▶ _Directions for this task_
Your answer must match, word for word, the lines from the one holding "Emily Blunt And" through the final line below, with pictures excluded.

▶ _Data_
☆ ☆ ☆ ☆ ☆ ☆ ☆
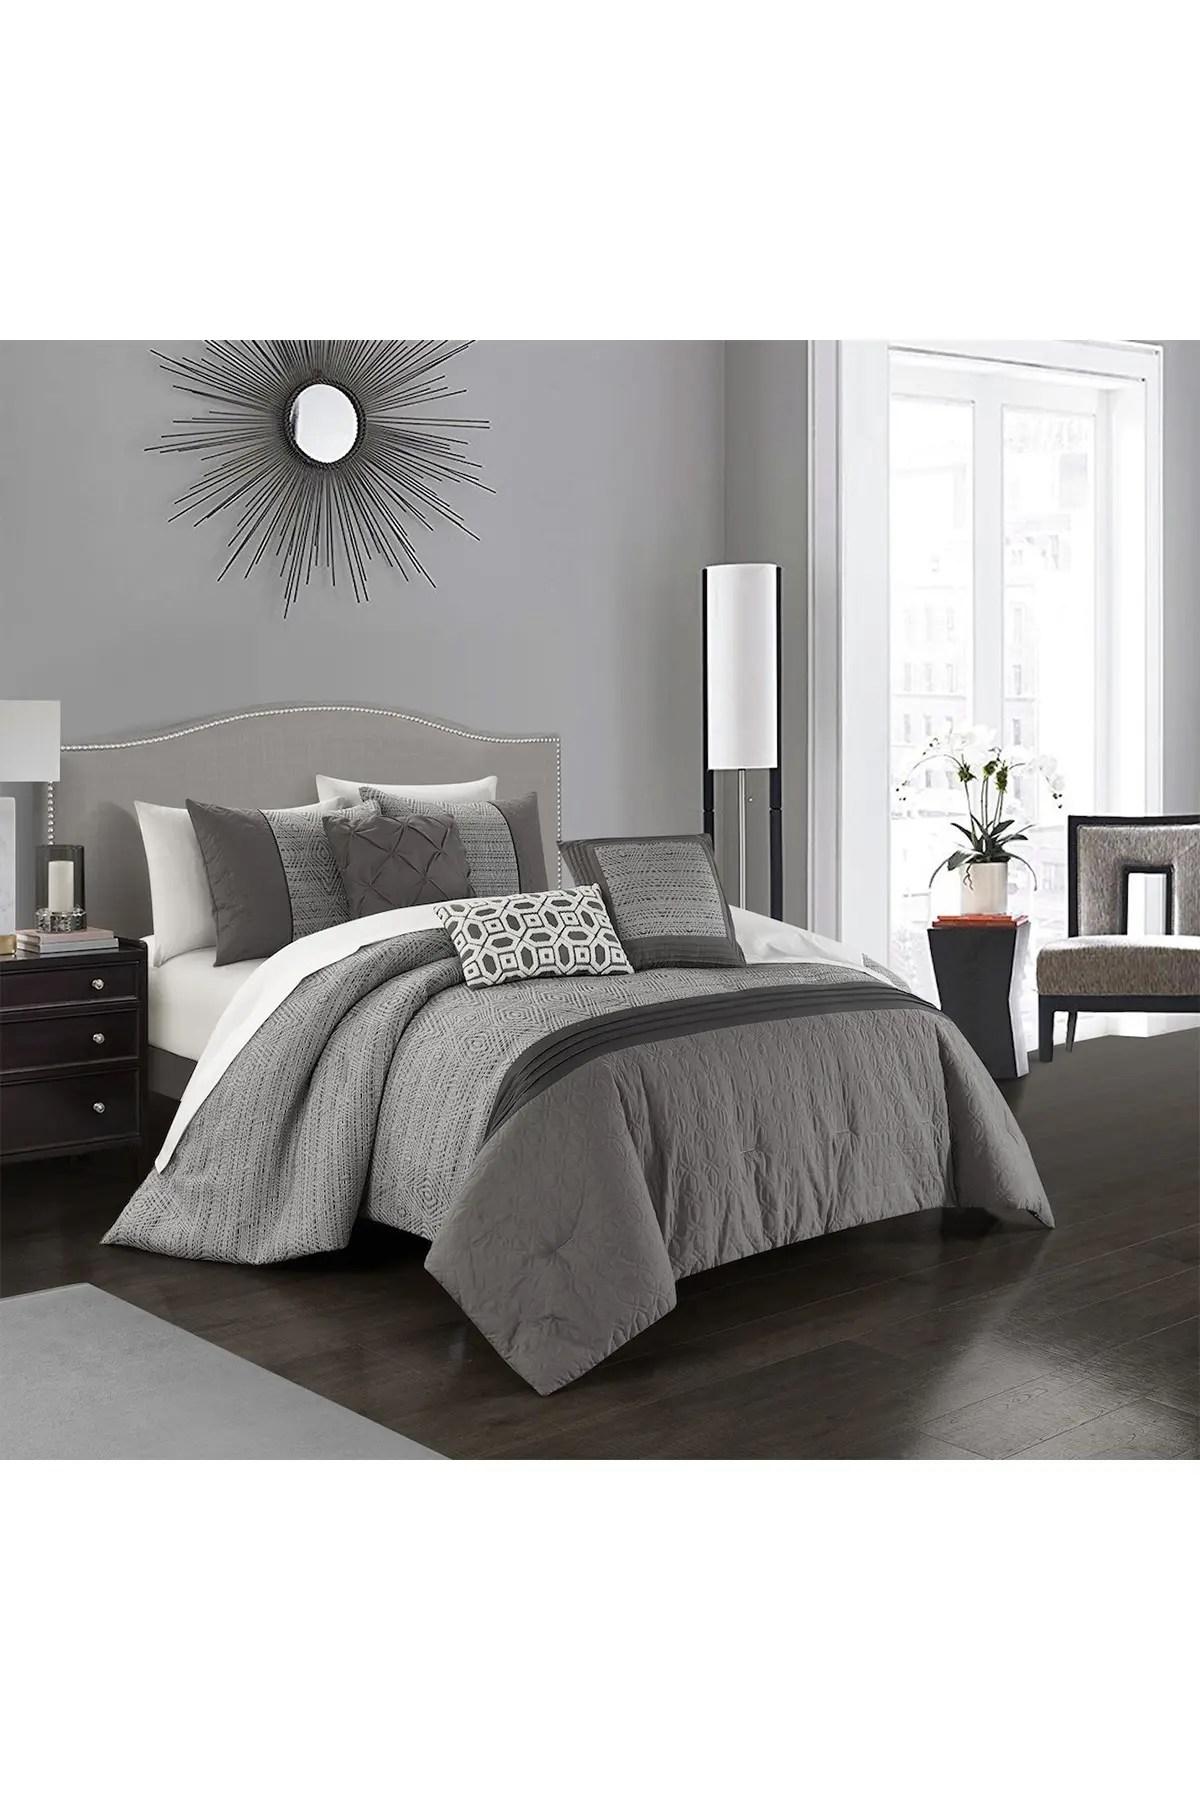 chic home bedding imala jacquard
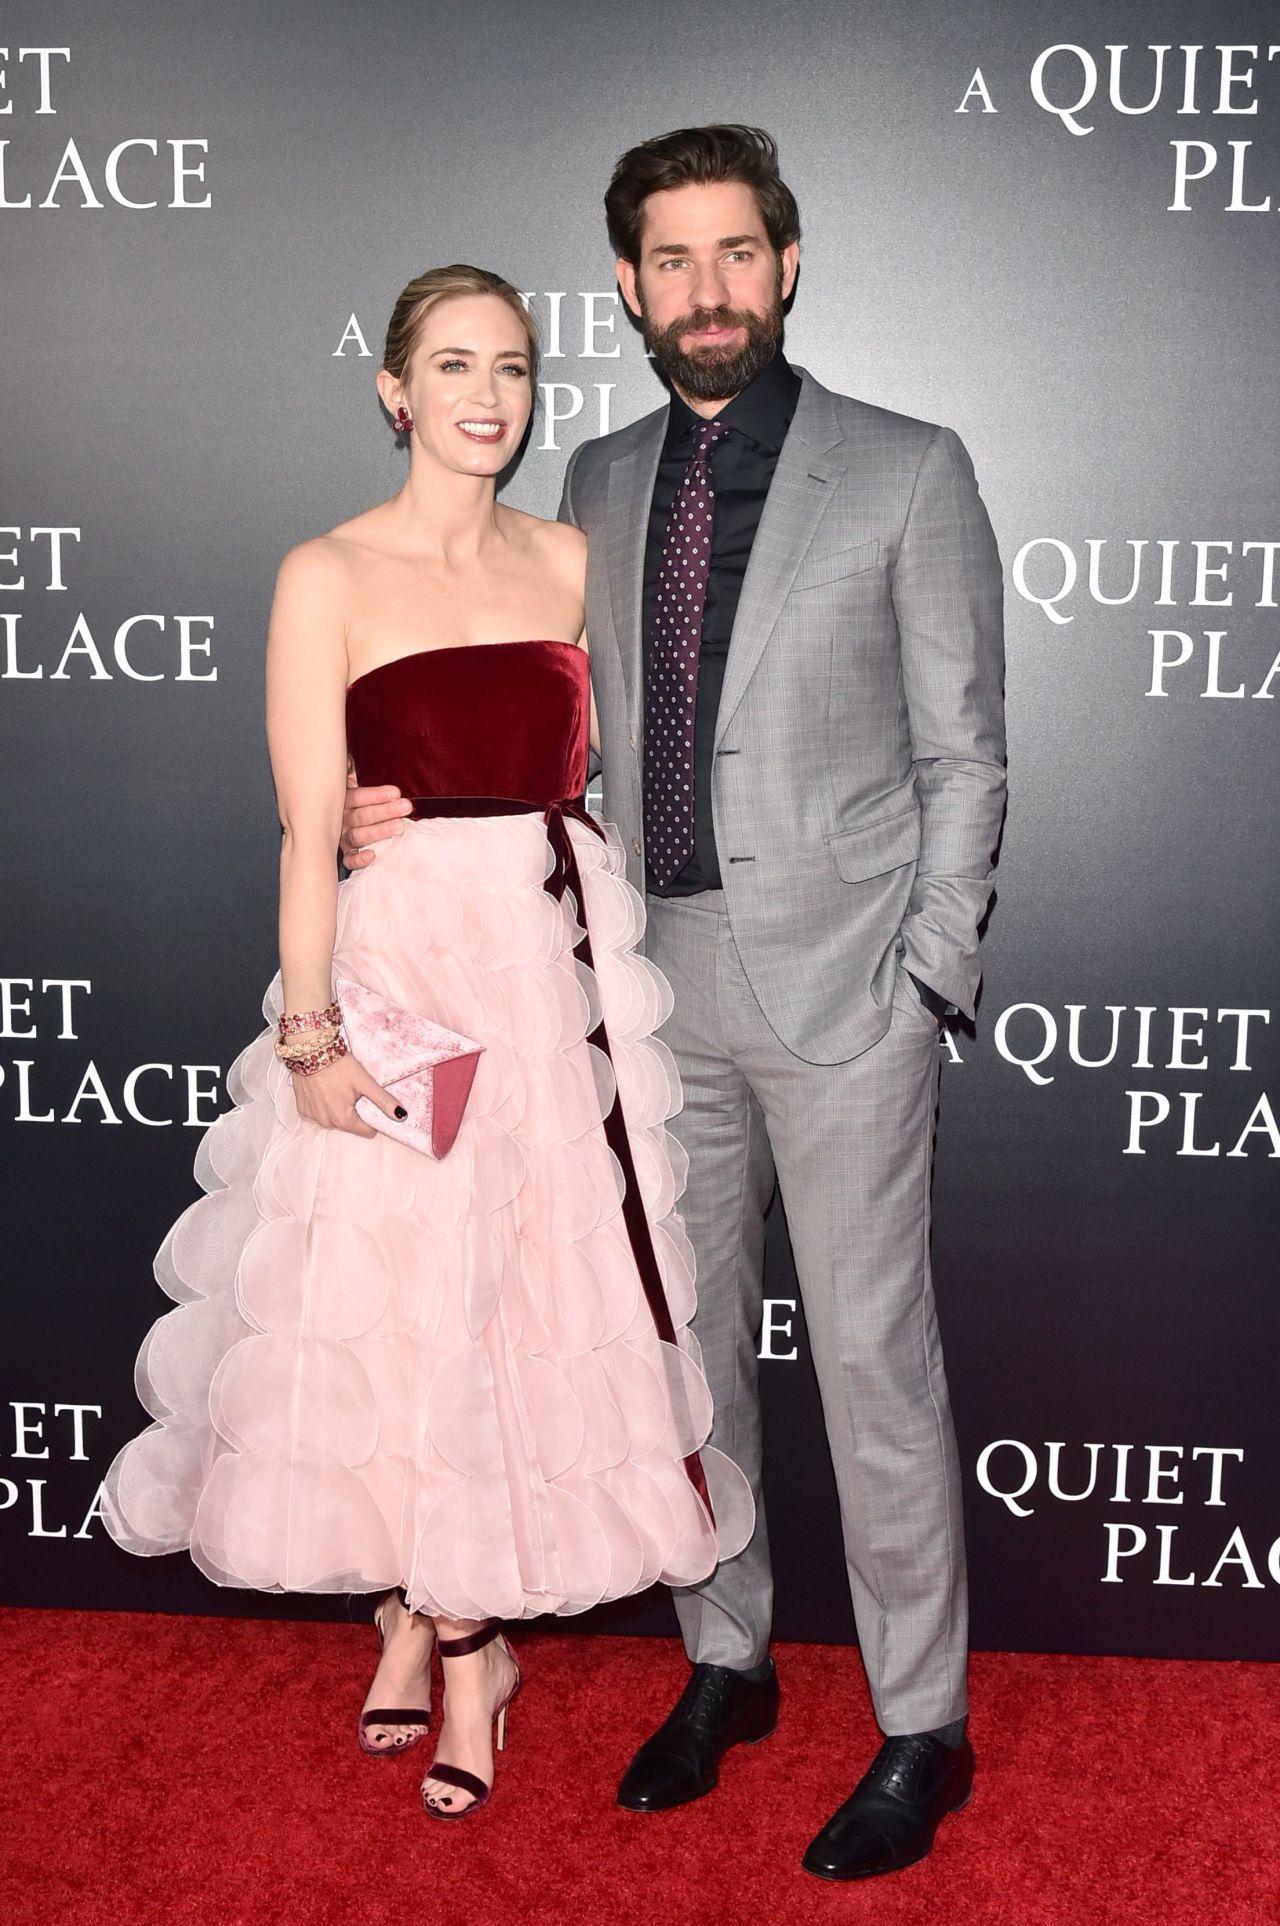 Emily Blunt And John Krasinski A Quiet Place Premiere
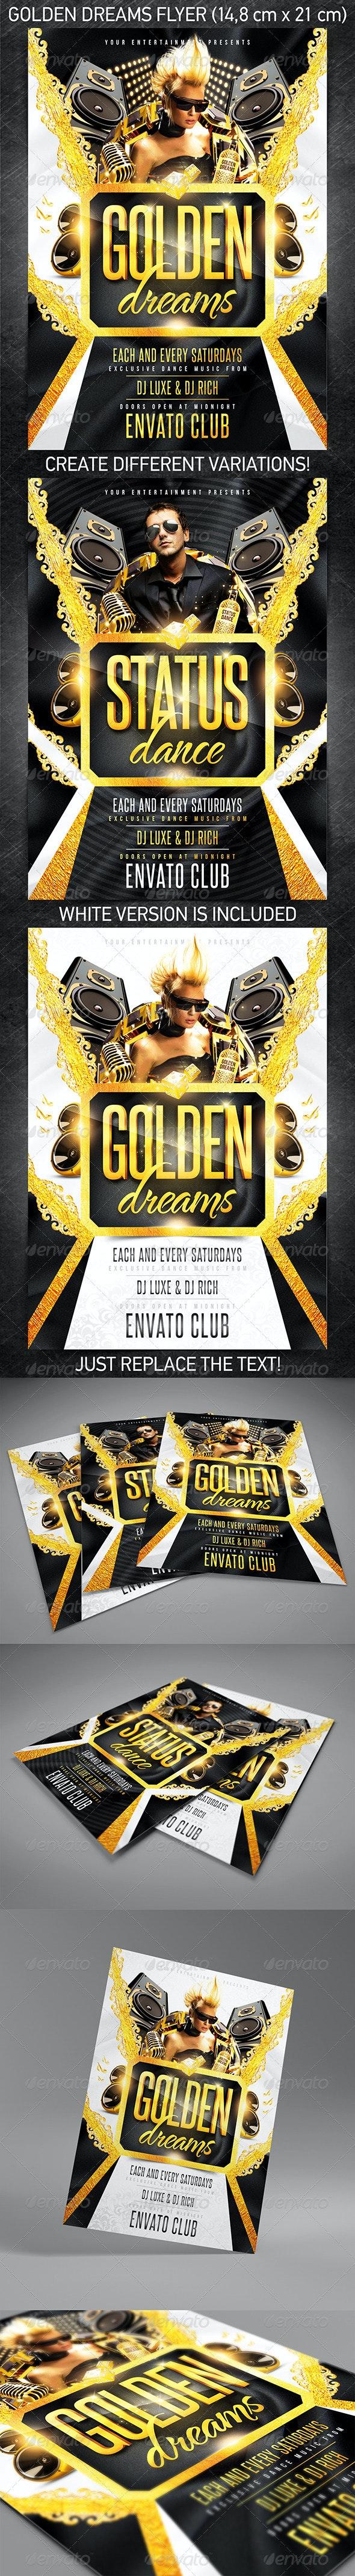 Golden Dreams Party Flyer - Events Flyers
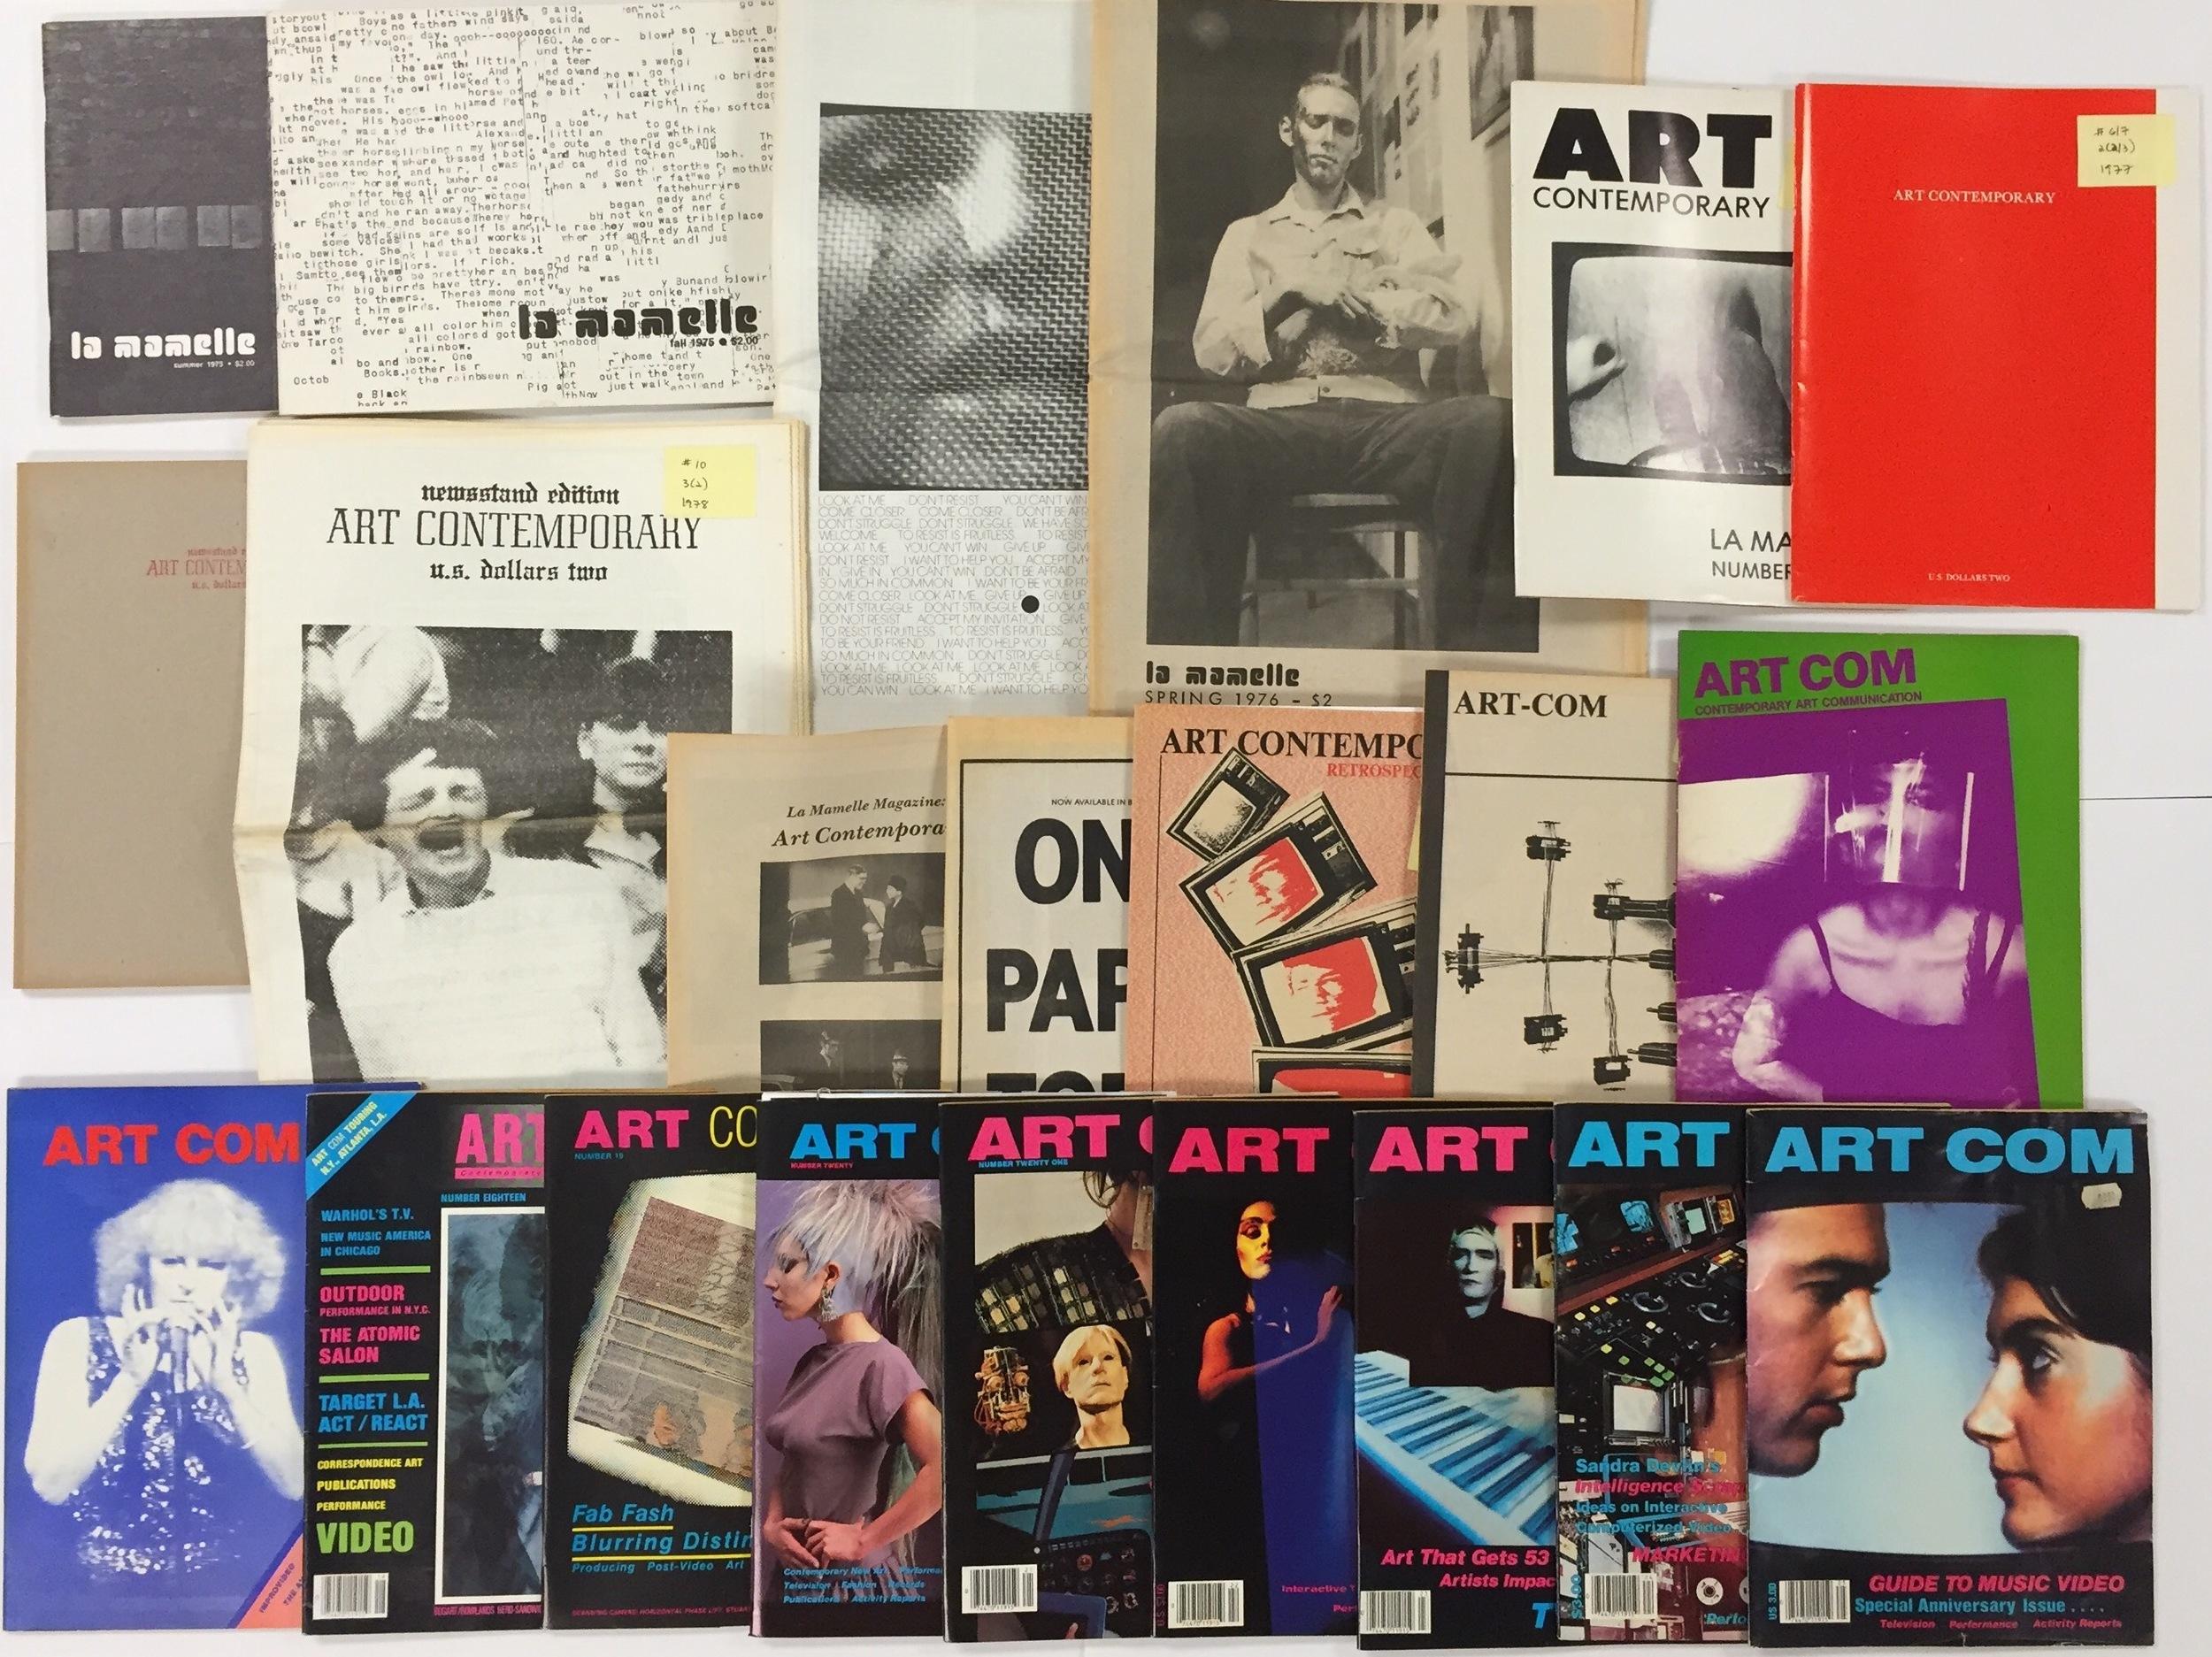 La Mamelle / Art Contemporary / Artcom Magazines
☆ ☆ ☆ ☆ ☆ ☆ ☆
▶ _Result of the exercise_
 Emily Blunt And John Krasinski A Quiet Place Premiere
 Golden Dreams Party Flyer - Events Flyers
 La Mamelle / Art Contemporary / Artcom Magazines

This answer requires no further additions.